Trzeci Dzień Żony 8 września 2017 r.
Szwagier Paweł lubi droczyć się z moją siostrą Justyną, jego żoną, ale widać, że oboje bardzo kochają się, są dumni ze swoich dzieci i pierwszego wnuka Antosia.
Żona to stabilizacja, punkt oparcia w szybko zmieniającym się świecie. W małżeństwie zdarzają się problemy, ale zdecydowanie lepiej radzić sobie z nimi, naprawiać małżeństwo, niż szukać czegoś nowego.
Dlatego żona jest lepsza niż partnerka czy konkubina, a małżeństwo bardziej rozsądnym rozwiązaniem niż konkubinat czy związek partnerski.
Za dużo jest w naszym życiu produktów jednorazowego użytku, niepewności i stresów.
To już jest problem ważny społecznie, bo coraz więcej w Polsce niestabilnych konkubinatów.
I starych kawalerów, którzy nie potrafią zawrzeć małżeństw i założyć rodzin, bo np. nie mają stałej pracy. Tacy mężczyźni bez żon często staczają się, popadają w alkoholizm.
Dlatego warto promować małżeństwa, żony i rodziny.

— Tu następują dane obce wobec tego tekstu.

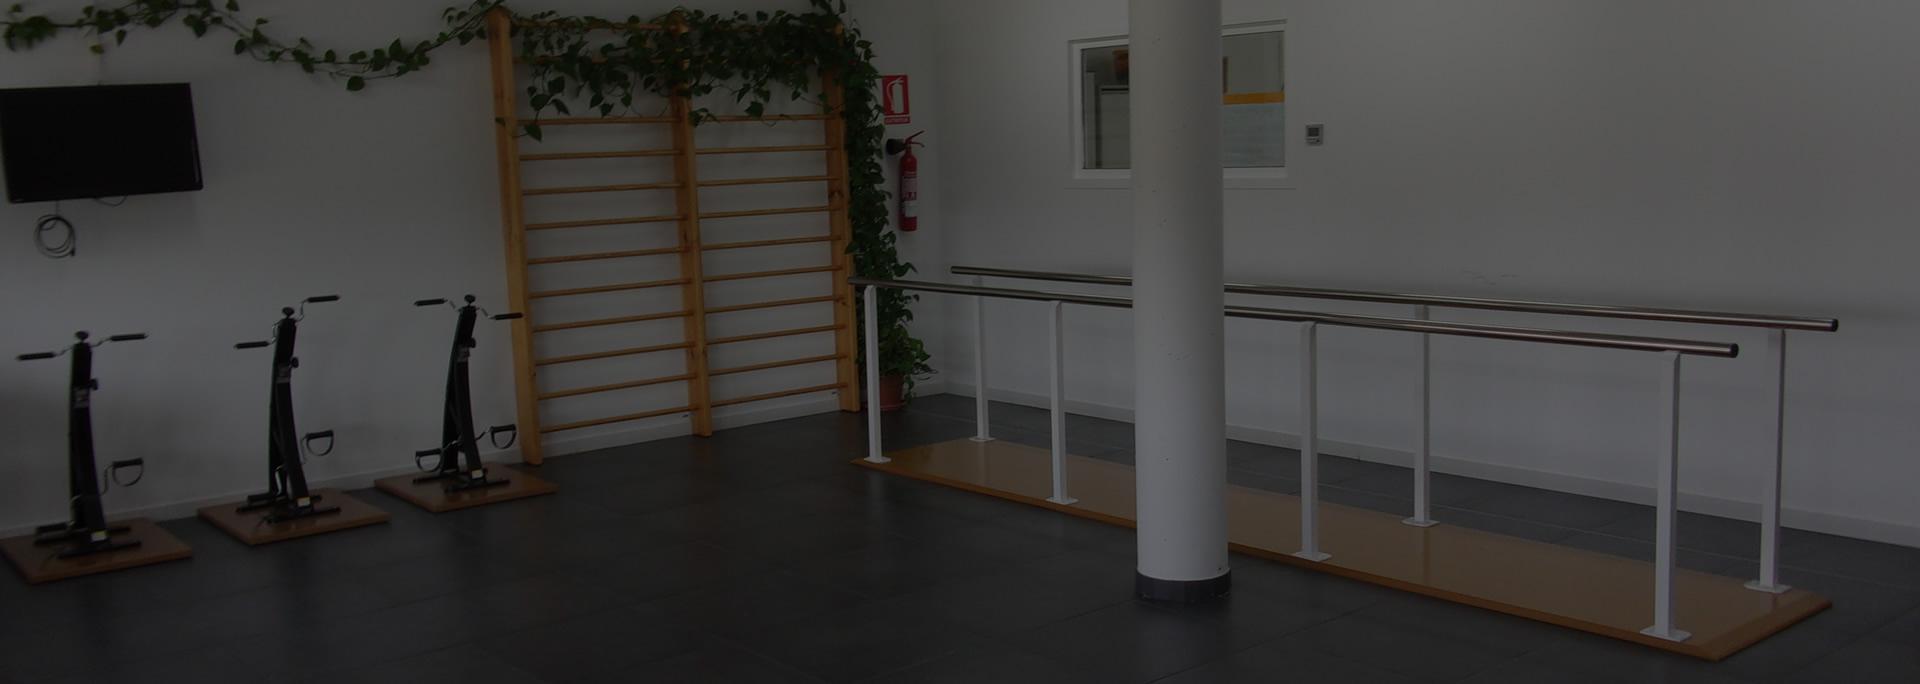 Programa de fisioterapia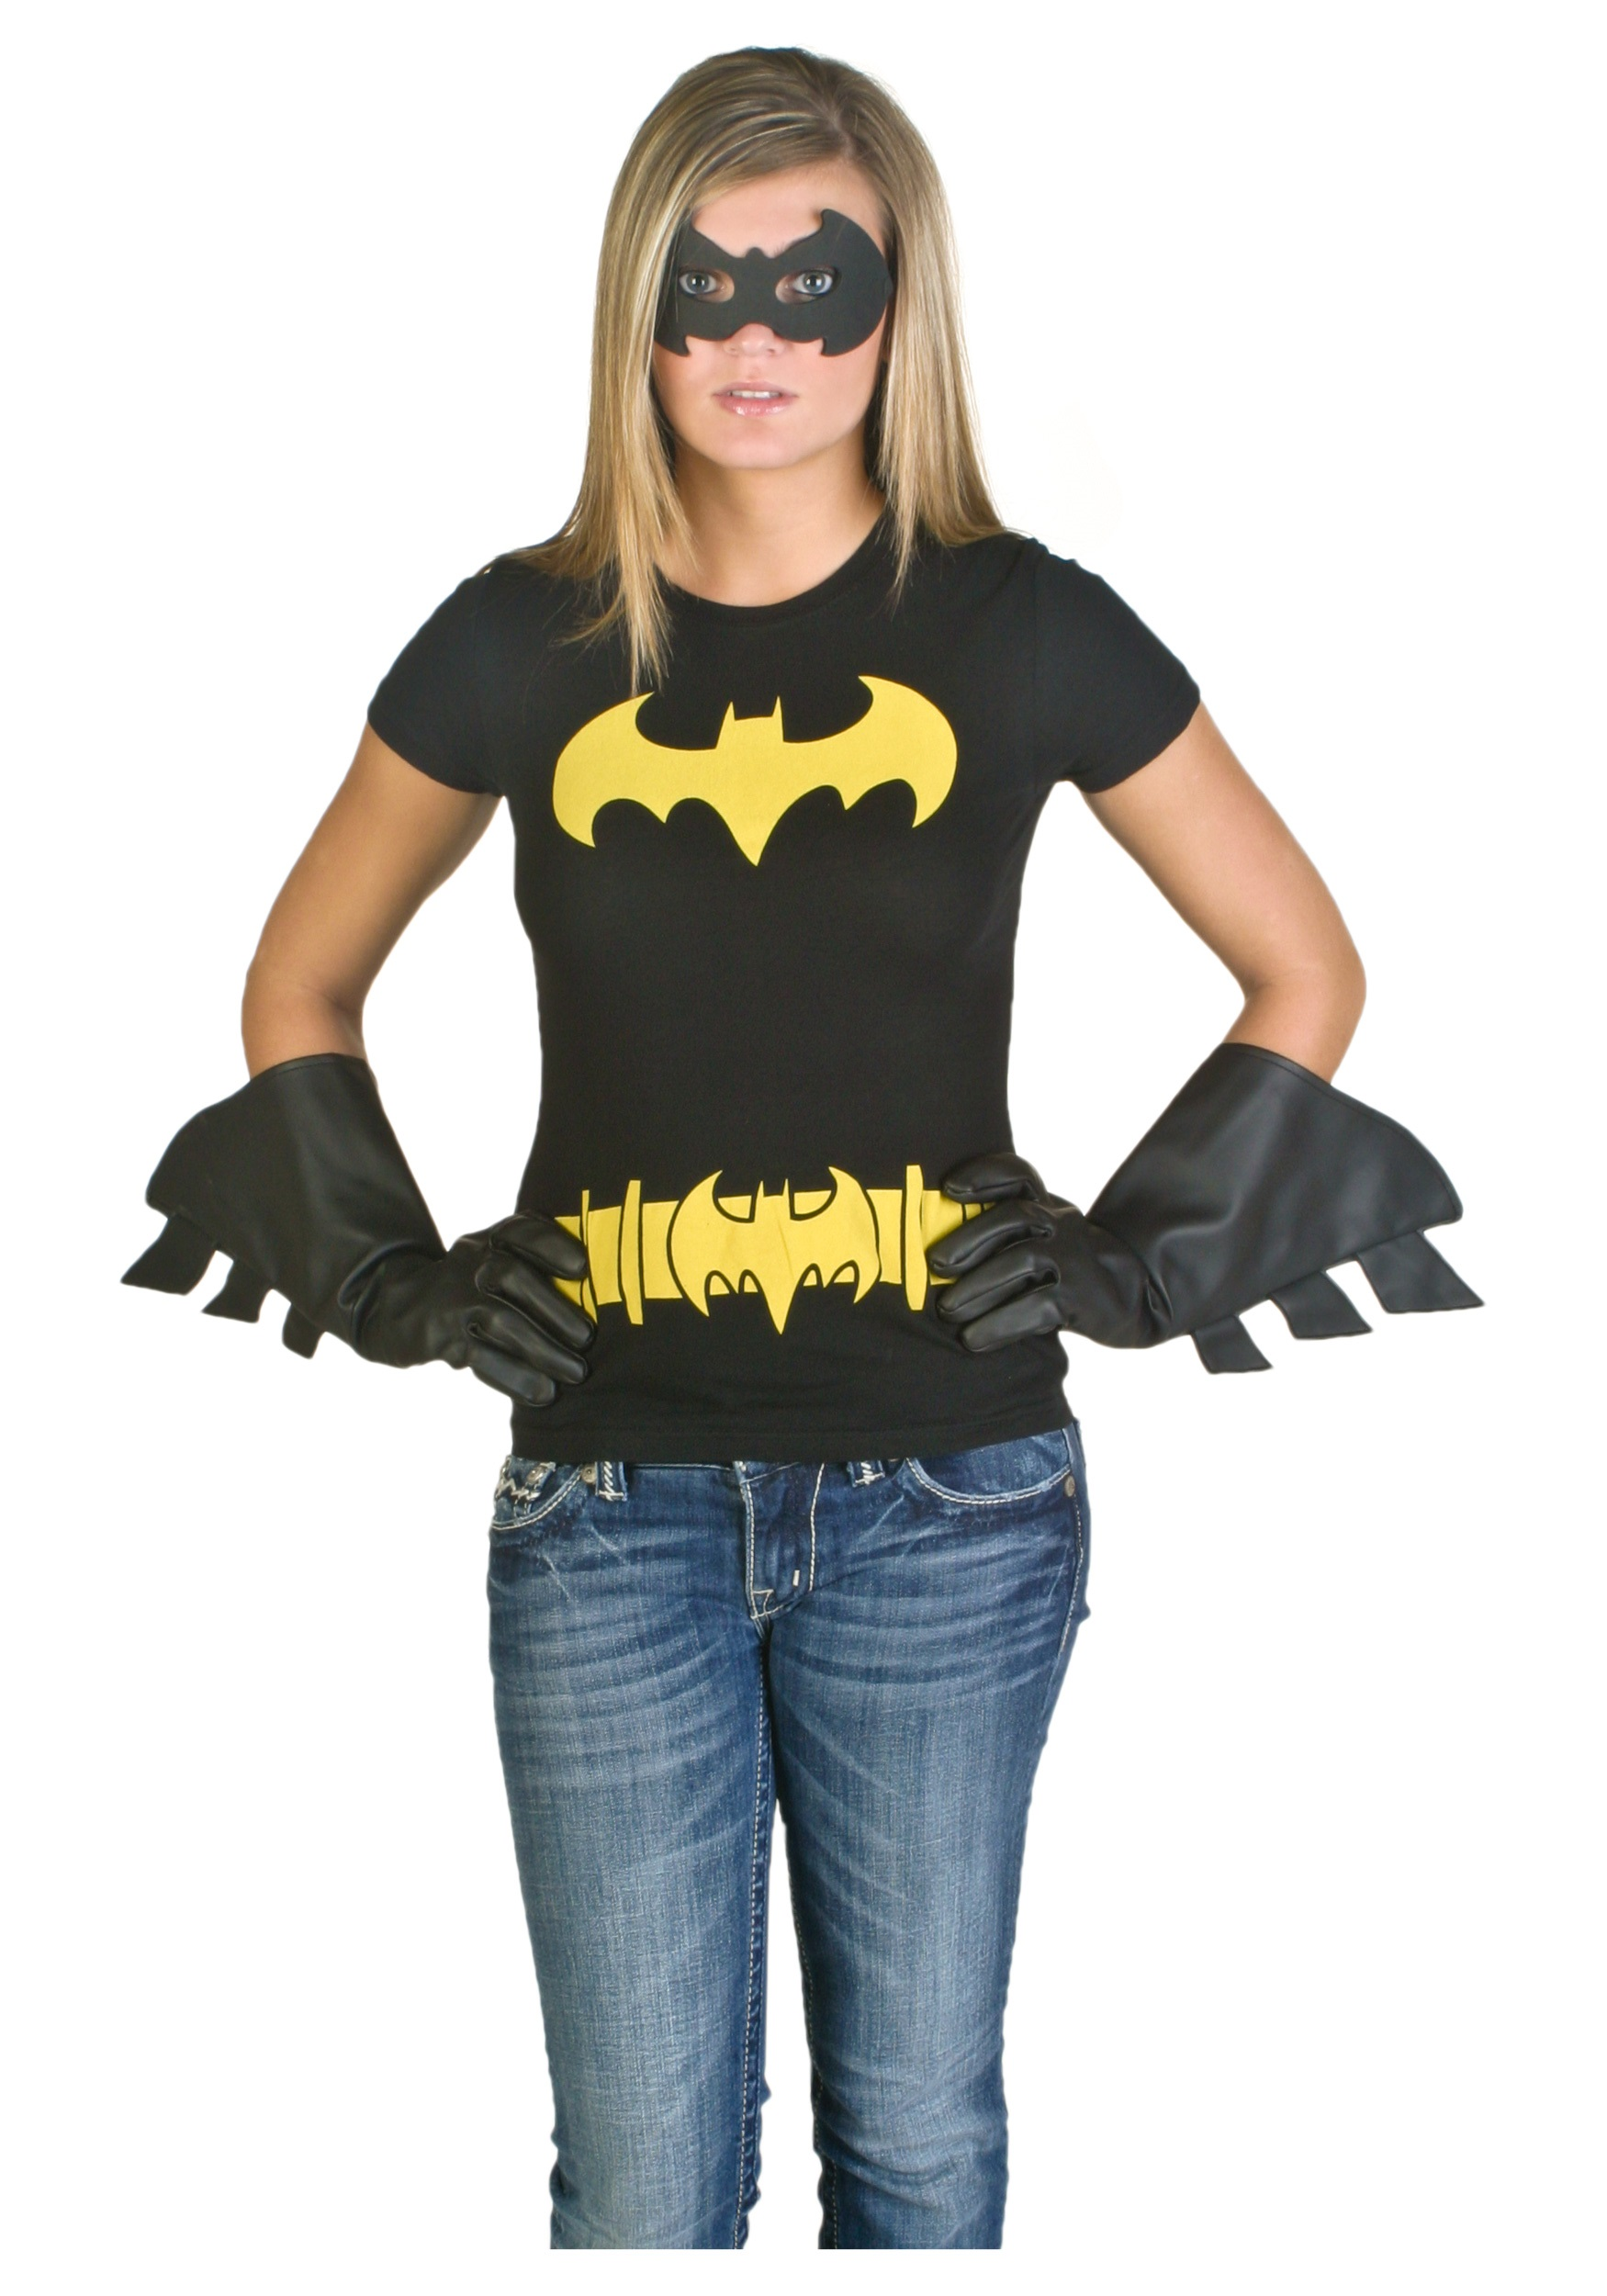 Batgirl Costume T-Shirt  sc 1 st  Halloween Costumes & Batgirl Costume T-Shirt - Halloween Costumes

Żony często są mądrzejsze od mężów, dlatego mężowie powinni je cenić i szanować.
Mężczyzna z nikim nie jest tak długo i tak blisko, jak z żoną.
Emocjonalna stabilizacja i regularny seks sprawiają, że oboje, i mąż, i żona, są spokojniejsi, zdrowsi emocjonalnie, duchowo i fizycznie. To sprawia, że i ich dzieci są zdrowsze emocjonalnie, duchowo i fizycznie. Co prowadzi do tego, że całe społeczeństwo jest zdrowsze emocjonalnie, duchowo i fizycznie.
To jest właśnie holistyczne podejście do zdrowia.
Od 2017 r. Dzień Żony obchodzony jest 8 września, w dniu urodzin najświętszej Maryi Panny, żony Józefa z Nazaretu, matki Jezusa Chrystusa, czczonej i przez chrześcijan, i przez muzułmanów, w dniu Matki Boskiej Siewnej.